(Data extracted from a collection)
____
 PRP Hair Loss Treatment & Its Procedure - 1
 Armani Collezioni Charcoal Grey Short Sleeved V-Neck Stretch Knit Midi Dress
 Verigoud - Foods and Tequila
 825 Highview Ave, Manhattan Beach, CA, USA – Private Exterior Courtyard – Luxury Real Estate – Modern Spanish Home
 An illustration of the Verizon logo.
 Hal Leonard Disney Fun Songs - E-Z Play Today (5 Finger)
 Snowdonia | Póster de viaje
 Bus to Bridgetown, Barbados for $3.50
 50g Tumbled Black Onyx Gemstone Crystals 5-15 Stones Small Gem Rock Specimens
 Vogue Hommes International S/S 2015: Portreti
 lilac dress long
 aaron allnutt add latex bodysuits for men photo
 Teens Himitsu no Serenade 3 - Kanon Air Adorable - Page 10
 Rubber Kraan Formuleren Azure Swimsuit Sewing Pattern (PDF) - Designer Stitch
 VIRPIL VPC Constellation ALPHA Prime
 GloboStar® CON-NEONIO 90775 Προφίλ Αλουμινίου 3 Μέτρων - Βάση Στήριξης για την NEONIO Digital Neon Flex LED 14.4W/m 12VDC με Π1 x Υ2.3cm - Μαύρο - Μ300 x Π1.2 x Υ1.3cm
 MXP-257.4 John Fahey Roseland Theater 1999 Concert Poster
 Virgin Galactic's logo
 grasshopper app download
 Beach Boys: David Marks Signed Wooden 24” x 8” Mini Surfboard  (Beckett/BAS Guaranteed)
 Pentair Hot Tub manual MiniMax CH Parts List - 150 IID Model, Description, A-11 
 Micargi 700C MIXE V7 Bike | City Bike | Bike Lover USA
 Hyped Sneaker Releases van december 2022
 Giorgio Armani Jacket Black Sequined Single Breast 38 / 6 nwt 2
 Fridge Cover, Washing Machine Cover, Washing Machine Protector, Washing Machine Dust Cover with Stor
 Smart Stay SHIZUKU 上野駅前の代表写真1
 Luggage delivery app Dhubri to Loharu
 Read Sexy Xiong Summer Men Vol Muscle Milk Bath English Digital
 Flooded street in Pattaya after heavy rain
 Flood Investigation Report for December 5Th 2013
____
_Problem statement:_ What are the lines from the one with "aaron allnutt add" through the end of the entries? Give them again exactly, both end lines included.

_Solution:_
 aaron allnutt add latex bodysuits for men photo
 Teens Himitsu no Serenade 3 - Kanon Air Adorable - Page 10
 Rubber Kraan Formuleren Azure Swimsuit Sewing Pattern (PDF) - Designer Stitch
 VIRPIL VPC Constellation ALPHA Prime
 GloboStar® CON-NEONIO 90775 Προφίλ Αλουμινίου 3 Μέτρων - Βάση Στήριξης για την NEONIO Digital Neon Flex LED 14.4W/m 12VDC με Π1 x Υ2.3cm - Μαύρο - Μ300 x Π1.2 x Υ1.3cm
 MXP-257.4 John Fahey Roseland Theater 1999 Concert Poster
 Virgin Galactic's logo
 grasshopper app download
 Beach Boys: David Marks Signed Wooden 24” x 8” Mini Surfboard  (Beckett/BAS Guaranteed)
 Pentair Hot Tub manual MiniMax CH Parts List - 150 IID Model, Description, A-11 
 Micargi 700C MIXE V7 Bike | City Bike | Bike Lover USA
 Hyped Sneaker Releases van december 2022
 Giorgio Armani Jacket Black Sequined Single Breast 38 / 6 nwt 2
 Fridge Cover, Washing Machine Cover, Washing Machine Protector, Washing Machine Dust Cover with Stor
 Smart Stay SHIZUKU 上野駅前の代表写真1
 Luggage delivery app Dhubri to Loharu
 Read Sexy Xiong Summer Men Vol Muscle Milk Bath English Digital
 Flooded street in Pattaya after heavy rain
 Flood Investigation Report for December 5Th 2013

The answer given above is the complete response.